# Thank You!



## tomandrobin (Mar 10, 2008)

Thanks for creating this new "sub-forum" for DVC. This now will give those who own or are interested in Disney a specific reference area.


----------



## Steamboat Bill (Mar 10, 2008)

M-i-c.......k-e-y.......m-o-u-s-e


----------



## TUGBrian (Mar 10, 2008)




----------



## icydog (Mar 10, 2008)

TUG Improvements! said:


>


 
Great job, thanks a million!!


----------



## tomandrobin (Mar 10, 2008)

icydog said:


> Great job, thanks a million!!



Does this make you unofficially "in-charge"?


----------



## icydog (Mar 10, 2008)

*Who Knows??*

My husband would tell you I'm always in charge!
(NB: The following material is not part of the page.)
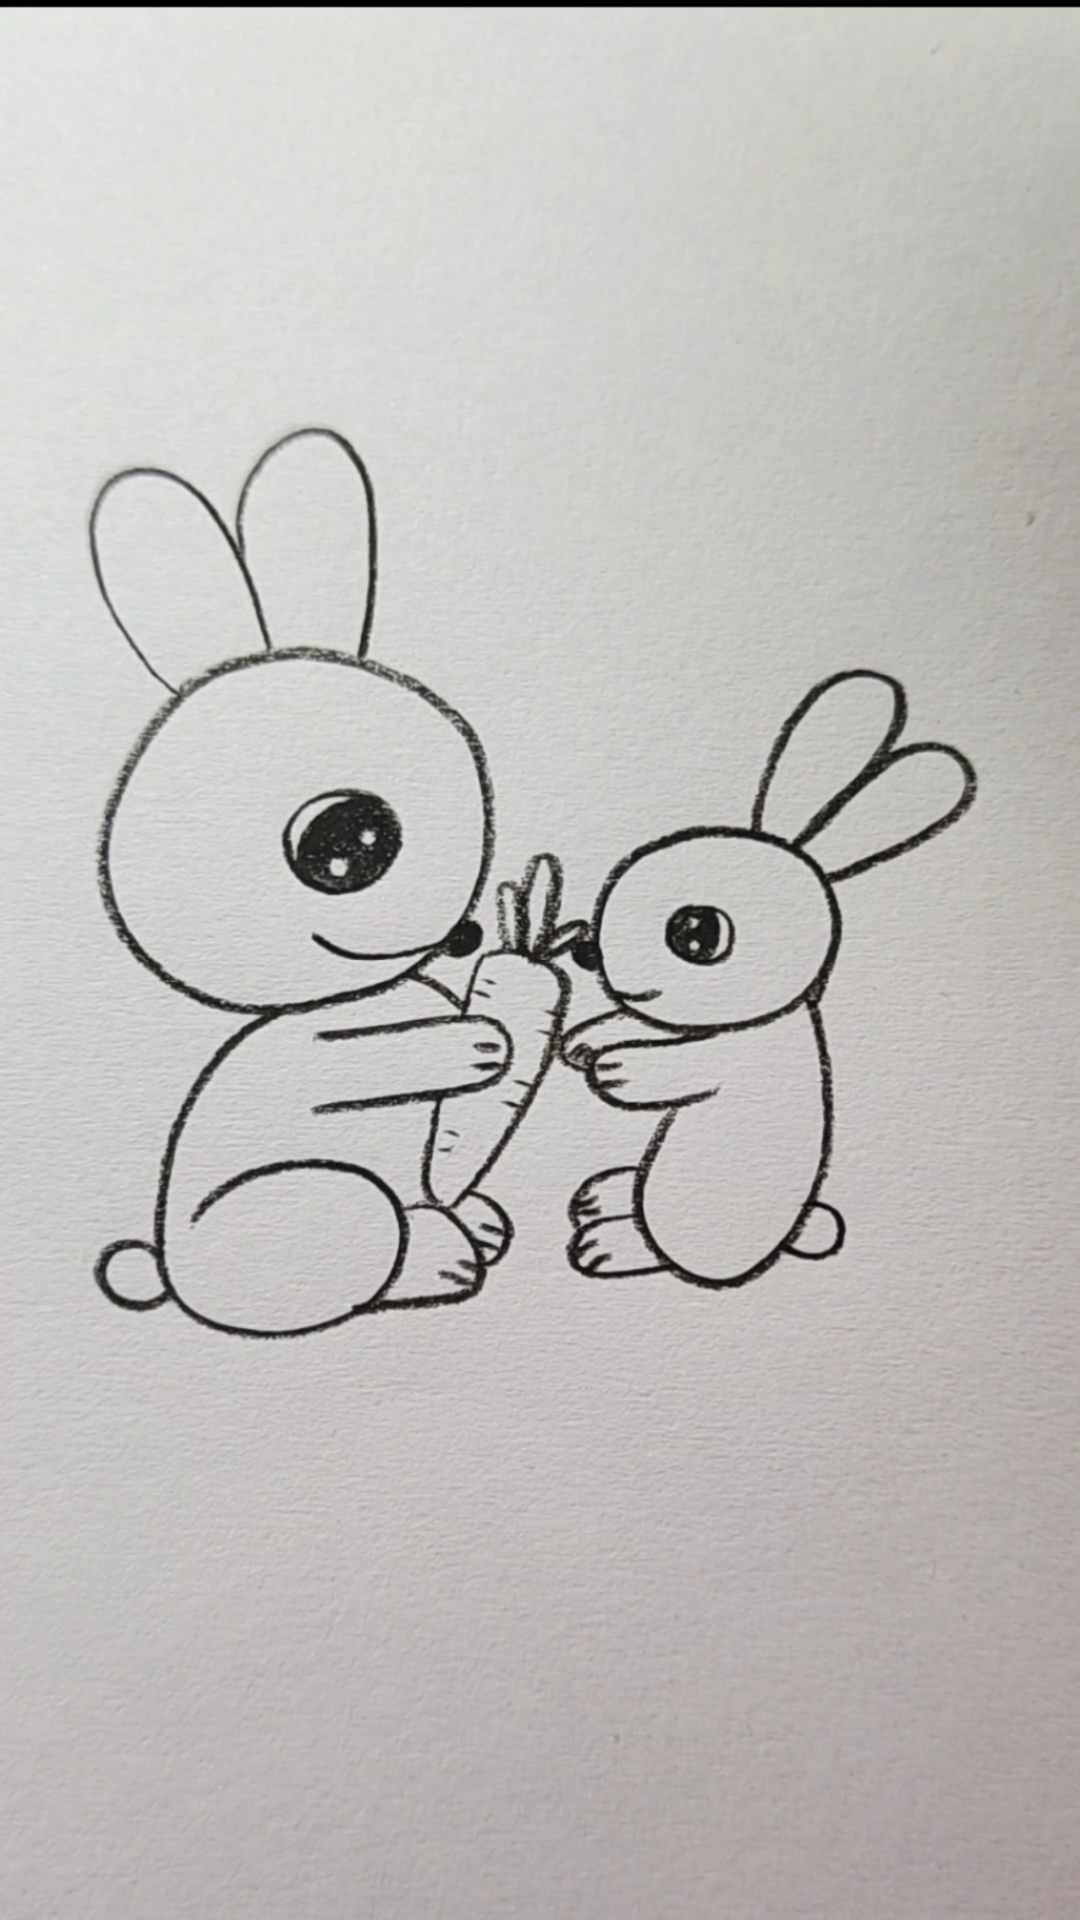 两只兔子简笔画简单图片

It was stated in the other thread that if they get enough support for this DVC forum, they will make it permanent and then asssign a moderator. 

I am just so happy to have the forum I will just bask in the glow of that for awhile. :whoopie:


----------



## Steamboat Bill (Mar 10, 2008)

Who is a...


----------



## Carl D (Mar 10, 2008)

Steamboat Bill said:


> Who is a...


Me. 
I have points at VWL, VB, and AKV. 
I may purchase at GCV, but will NOT purchase at KTV or Hawaii.


----------



## tomandrobin (Mar 10, 2008)

Of course I am, own at SSR and AKV.


----------



## Denise L (Mar 10, 2008)

Wow, that was sure quick :whoopie: ! Thanks for the new forum!
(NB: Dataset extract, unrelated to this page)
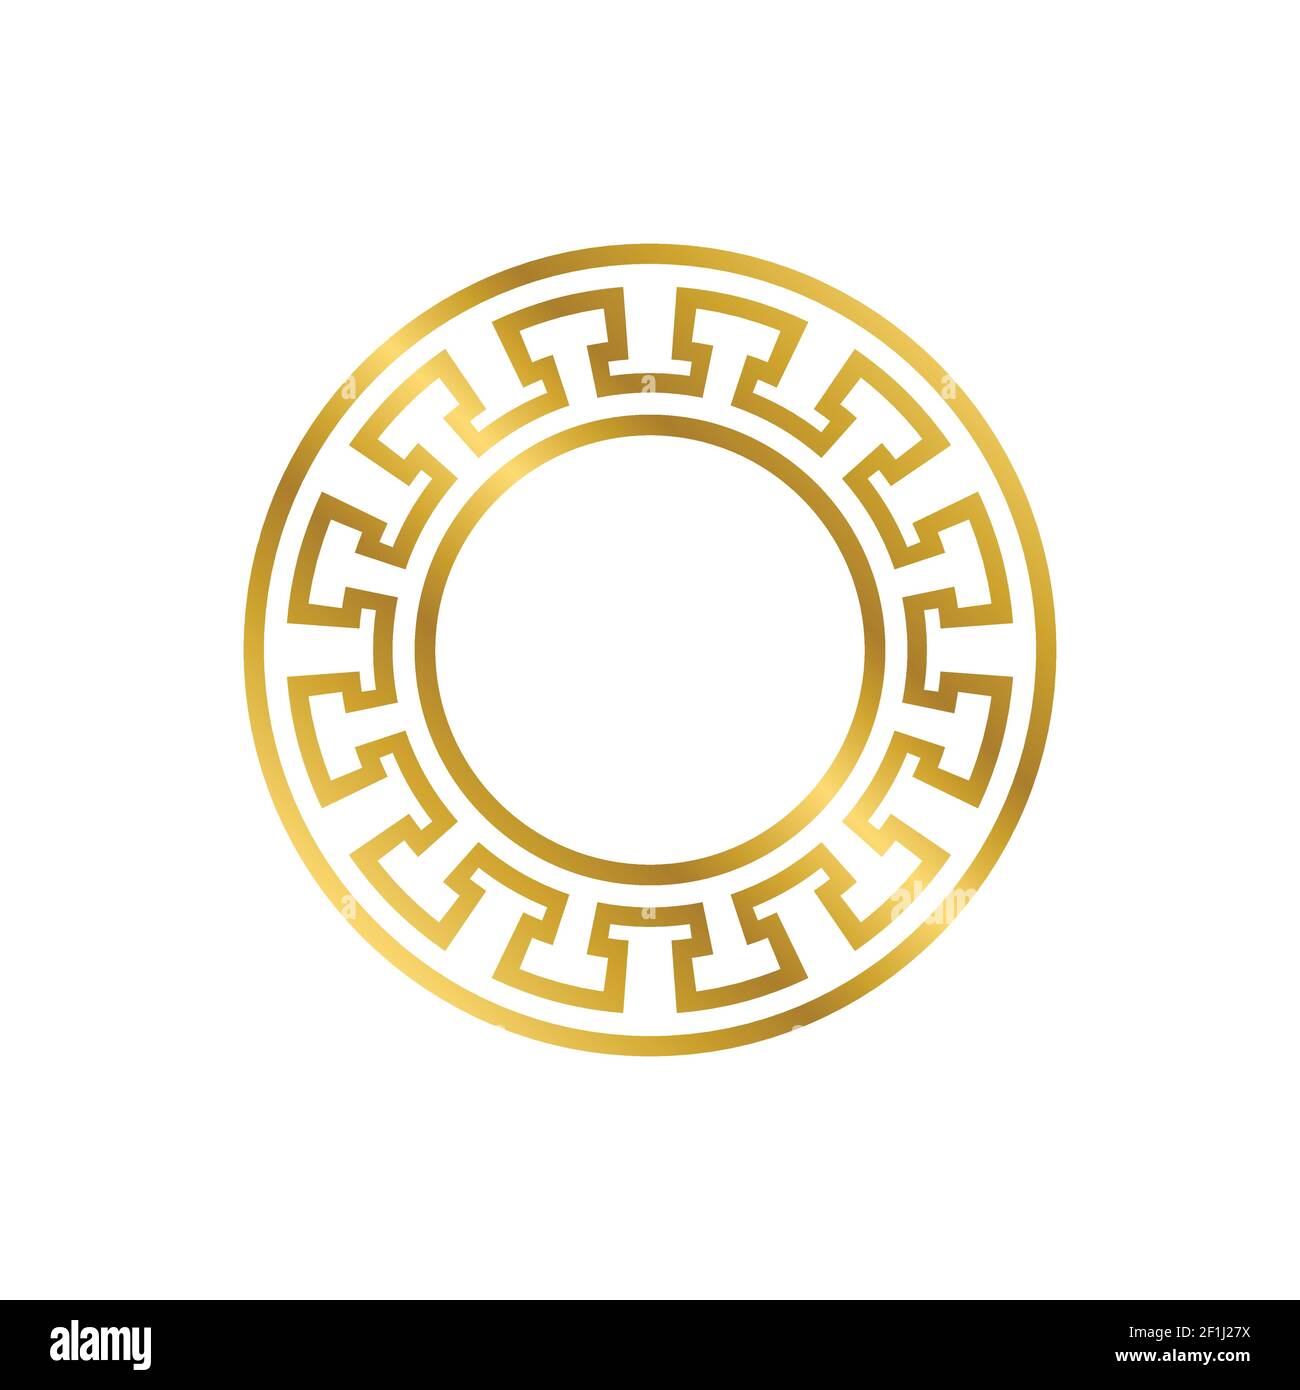 gold versace logo border

We own at Beach Club Villas, but would *really* like points at the new CA DVC!  We could save a lot on airfare!


----------



## SDKath (Mar 10, 2008)

Meeee too.  Yipeee!

AKV at 225 points for now...

Waiting for Contemporary and GCV still.

Katherine


----------



## TUGBrian (Mar 10, 2008)

one of you guys needs to come up with an ownership poll like the starwood people have =)


----------



## dmwgroup (Mar 11, 2008)

*Vero Beach Owner!*

We are DVC owners - 400 points at Disney's Vero Beach Resort!  Thanks for the DVC area!


----------



## icydog (Mar 15, 2008)

Hi Donna I own 220 Vero Beach Pts. I love it there.


----------



## mabelline7 (Mar 17, 2008)

Love DVC....  wouldn't it be great if Starwood used the point system???  Can't wait to go back next year    Thanks for opening a forum


----------



## jmatias (Mar 18, 2008)

We love our DVC points  

300 BWV
100 BCV
150 VWL
300 AKV

Gee...looks like alot when you write it down. But somehow you always feel like you want more.

Aloha,
Jen


----------



## Serina (Mar 21, 2008)

*Another thanks!*

Love this new forum...it's great and much needed. Hats off to those that organized it!


----------



## laxmom (Mar 27, 2008)

Went under contract today for our first DVC contract.  It is a small one, but a start.   Now waiting ROFR.

Thanks for starting this forum just in time!!  Tug has been such a help in using my Marriott's to their fullest.  I am really happy to see DVC help here too.


----------



## tomandrobin (Mar 27, 2008)

What resort did you submit an offer? 

Did you research any of the ROFR databases?

Good Luck!


----------



## laxmom (Mar 27, 2008)

DH and I want to get to HHI every year, just the two of us, so we bought 50 pts. there.  We were at HHI in Feb and went over and walked the property.  We thought it would be a different experience than the platinum Marriotts that we will use to travel with the kids eoy.  We will have the occassional trip pre and post cruise that would be booked at WDW.

We first toured with DVC in 2001 and ended up buying Marriott.  We sat down with a guide on the Wonder last year and almost bought again.  Both times HHI.  I have been researching and learning for over a year.  It was tough to find point history for HHI; most were larger contracts.  Not a lot of sales listed so I scoured the resale listings and sales data bases for an idea on what would pass.  I think I am comfortable with what we paid and hope DVC will decide they don't want it!

I only know of the one on Tug and Disboards.  Is there someplace else I can look?

Thanks!  It is going to be a long couple of weeks!


----------



## icydog (Mar 30, 2008)

laxmom said:


> DH and I want to get to HHI every year, just the two of us, so we bought 50 pts. there. We were at HHI in Feb and went over and walked the property. We thought it would be a different experience than the platinum Marriotts that we will use to travel with the kids eoy. We will have the occassional trip pre and post cruise that would be booked at WDW.
> 
> We first toured with DVC in 2001 and ended up buying Marriott. We sat down with a guide on the Wonder last year and almost bought again. Both times HHI. I have been researching and learning for over a year. It was tough to find point history for HHI; most were larger contracts. Not a lot of sales listed so I scoured the resale listings and sales data bases for an idea on what would pass. I think I am comfortable with what we paid and hope DVC will decide they don't want it!
> 
> ...


 
We love HH. We love the layback feeling of being on the marshland and watching birds in the morning. If you own at HH you will have a shot at a summer week there. Other than that you are equal to everyone else at 7 months from check out and you can shoot for your dreams at WDW. I would start calling at 7 months exactly for any available inventory. Be aware that some resorts, namely the hotel based resorts, may be sold out before you can reserve them at 7 months. Just as the HH will be sold out for July and August before we non HH owners have a crack at those dates.


----------